The River Queen’s daughter seethed.

Tharion said, voice breaking, “But if you take in the people of this city, if you shelter them against whatever storm the Asteri might bring … when this is over, if I am alive …” He held her stare. “I will divorce my wife and marry you.”

Sathia whirled to him, but he couldn’t face her, couldn’t bear to see her reaction to how he’d abandon her, too—

The River Queen’s daughter sniffed, a child calming from a tantrum. “I accept. I shall marry you once you’re rid of her.”

“You shall not.” The River Queen’s voice shook the room, the river. “My daughter does not accept this offer. Nor do I.”

Tharion’s chest crumpled. “Please,” he begged. “If you could just—”

“I am not done speaking,” she said, and held up a hand. Tharion obeyed. “I no longer wish my daughter to be tied to the likes of you, in truth or in promise. As far as marriage between you is concerned, it shall never happen.”

“Mother—”

“You are your wife’s problem now,” the River Queen said to Tharion.

Tharion shut his eyes against the stinging in them, hating this, hating that he’d lost this opportunity, this safe haven for the people of Crescent City, due to his own bullshit.

“But your willingness to sacrifice your freedom to live Above is no small thing,” the River Queen went on. She tilted her head to the side, and one of the shells in her hair sprouted legs and skittered under the tresses. A hermit crab. “You never asked me why I sent you to look for Sofie Renast’s body, and to find her brother.”

Tharion opened his eyes and found her staring curiously at him. Not with kindness, but with something like respect. “It … it wasn’t my place to question,” he said.

“You are frightened of me, as all wise beings are,” she said a shade smugly. “But I have fears, too. Of this world, at the mercy of the Asteri.”

Tharion tried not to gape.

“Our people are ancient,” the River Queen said. “My sisters and I remember a world before the Asteri arrived and caused the land’s magic to wither. Entire islands vanished into the sea, our civilizations with them. And though we were limited in our power to stop them … we have tried, each in our own way.”

Her daughter was staring at her like she didn’t know her.

But the River Queen went on, “We remember the power the thunderbirds wielded. How the Asteri hunted them down. Because they feared them. And when I learned one had been killed, her thunderbird brother on the loose … I knew those were assets the Asteri would seek to recover at any cost. I might not have known why, but I had no intention of letting them attain either Sofie or her brother.”

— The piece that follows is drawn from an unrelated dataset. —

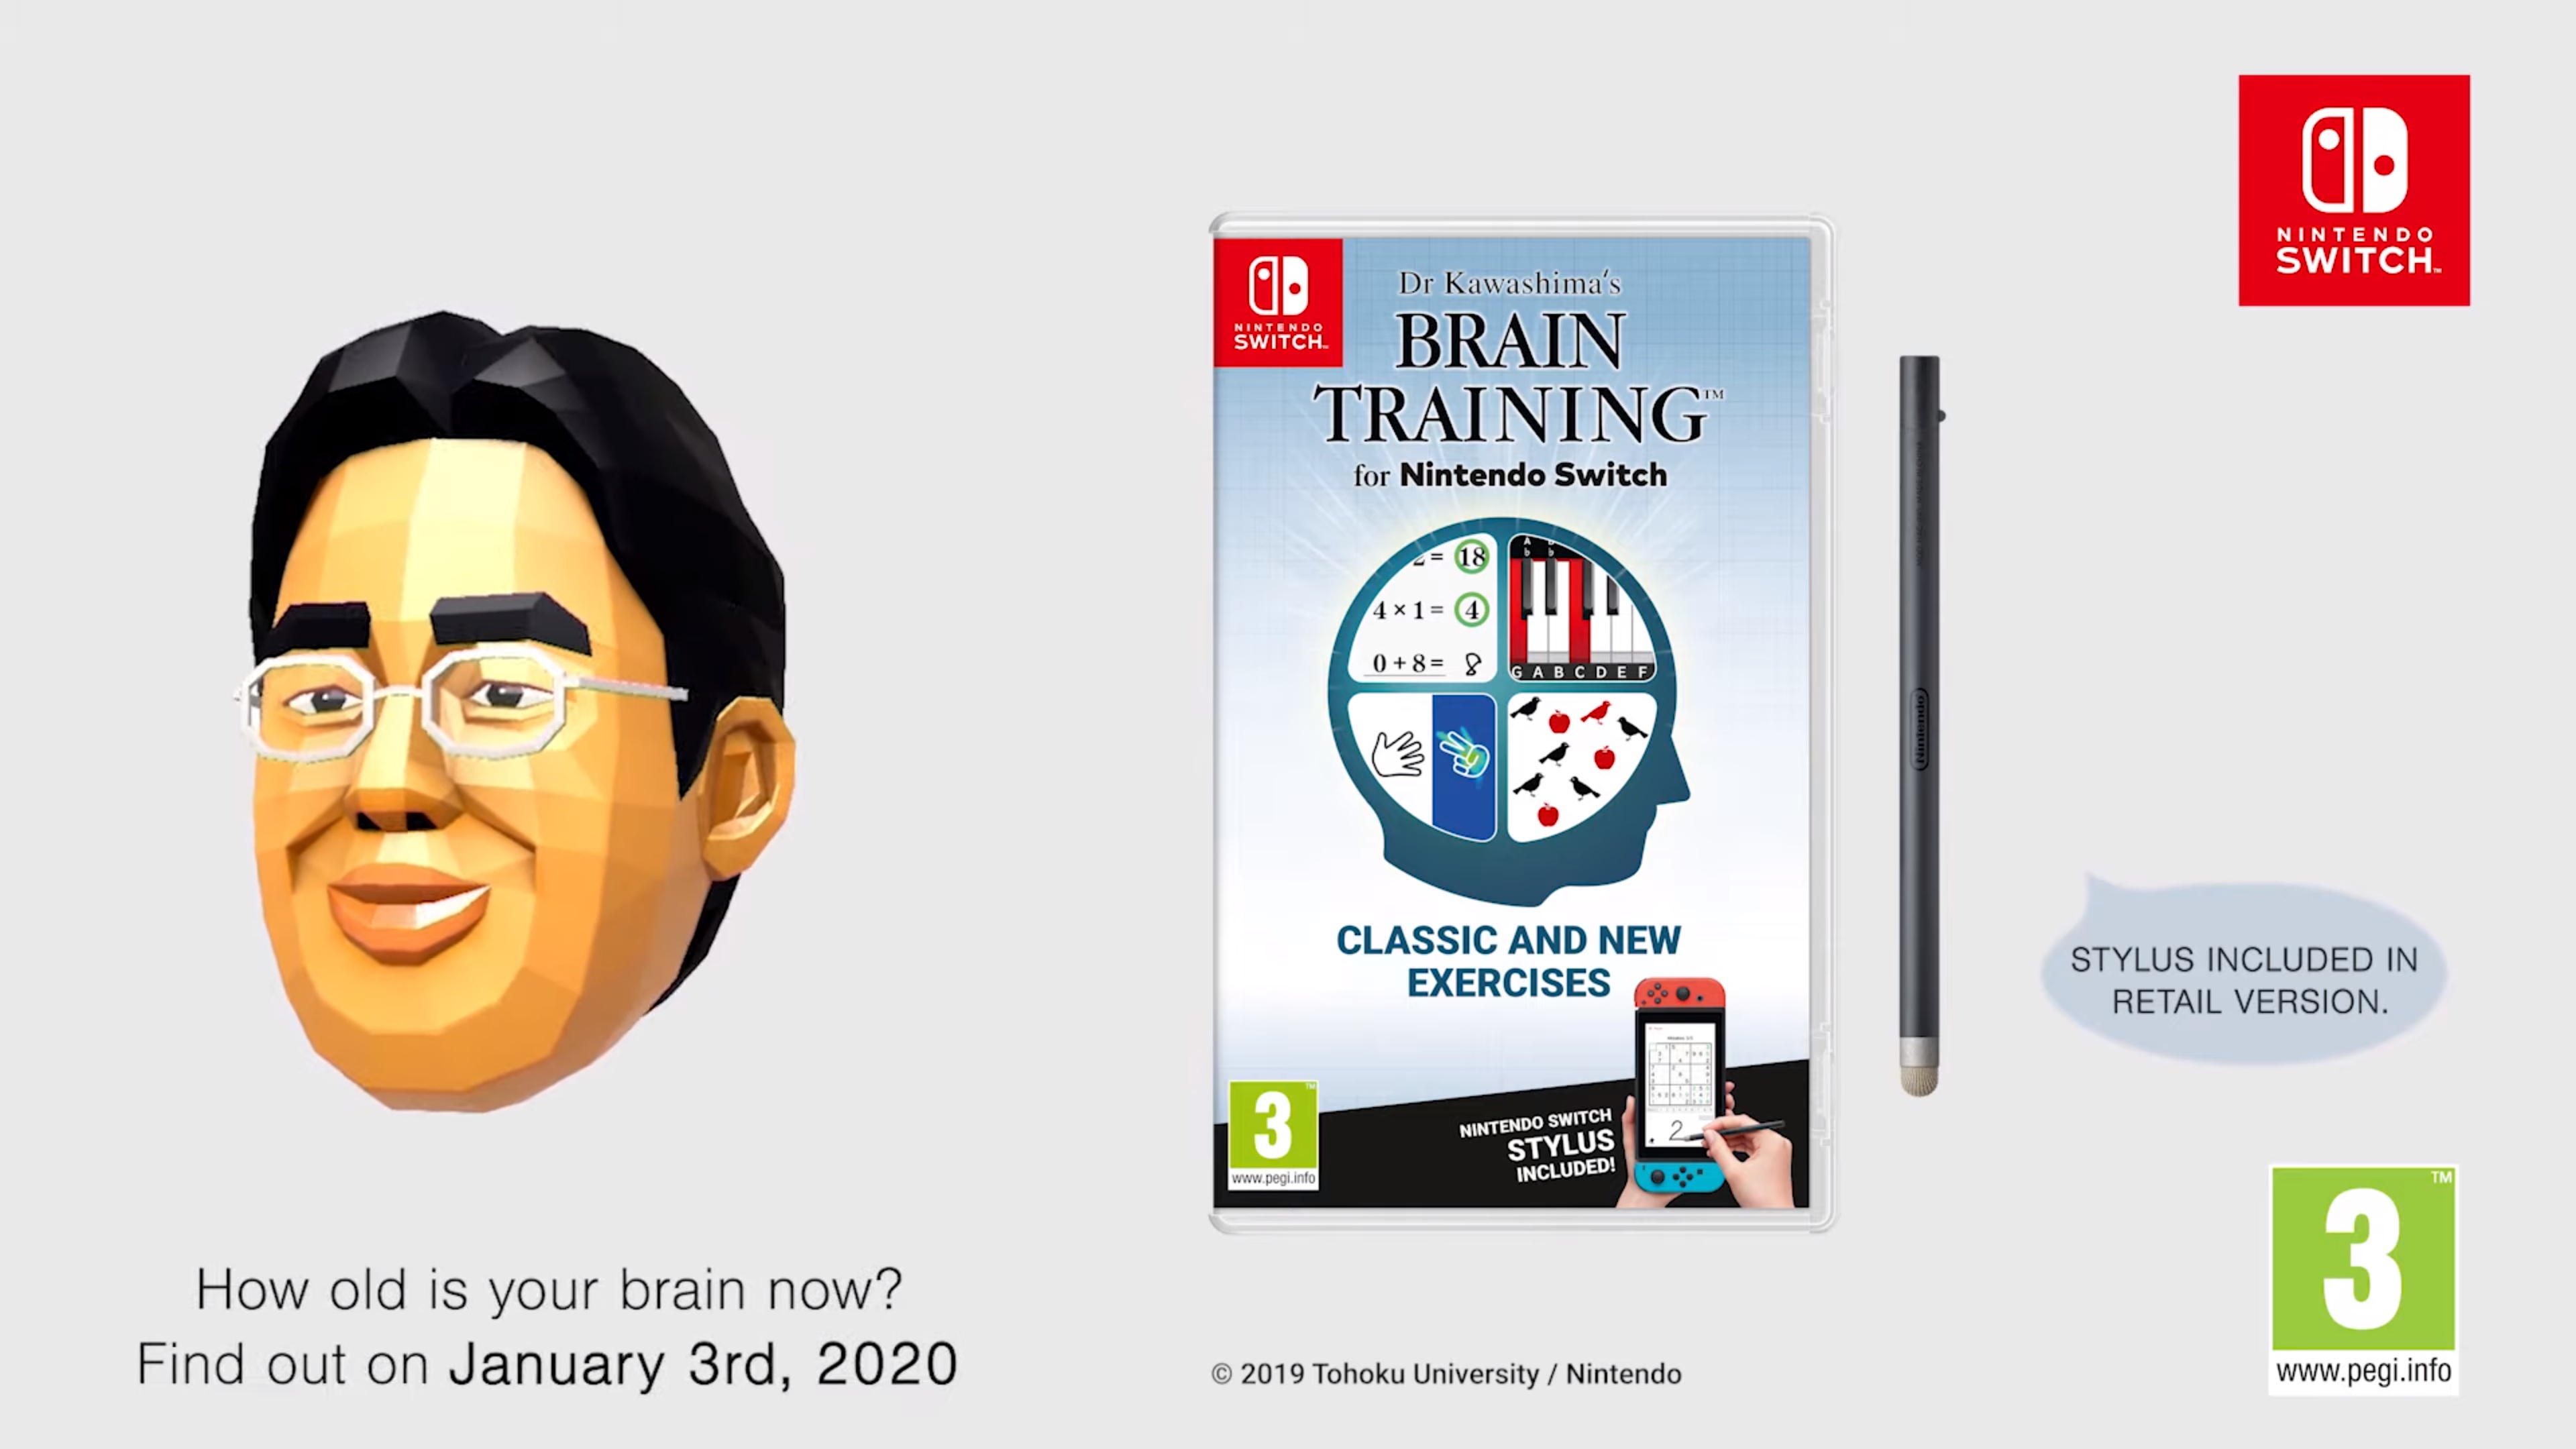 dr kawashima's brain training for nintendo switch review

Tharion blinked. “You … you wanted them in order to stop the Asteri?”

A shallow nod. “It might not have made a difference in the greater sense, but keeping them safe was my attempt, however small, at thwarting the Asteri’s plans.”

Tharion had no idea what to do other than bow his head and admit, “Emile wasn’t a thunderbird. Only a human. He’s in hiding now.”

“And yet you kept this from me.” The river shuddered at her displeasure.

“I thought it would be best for the boy to disappear from the world completely.”

The ruler scanned his face again for a long, long moment.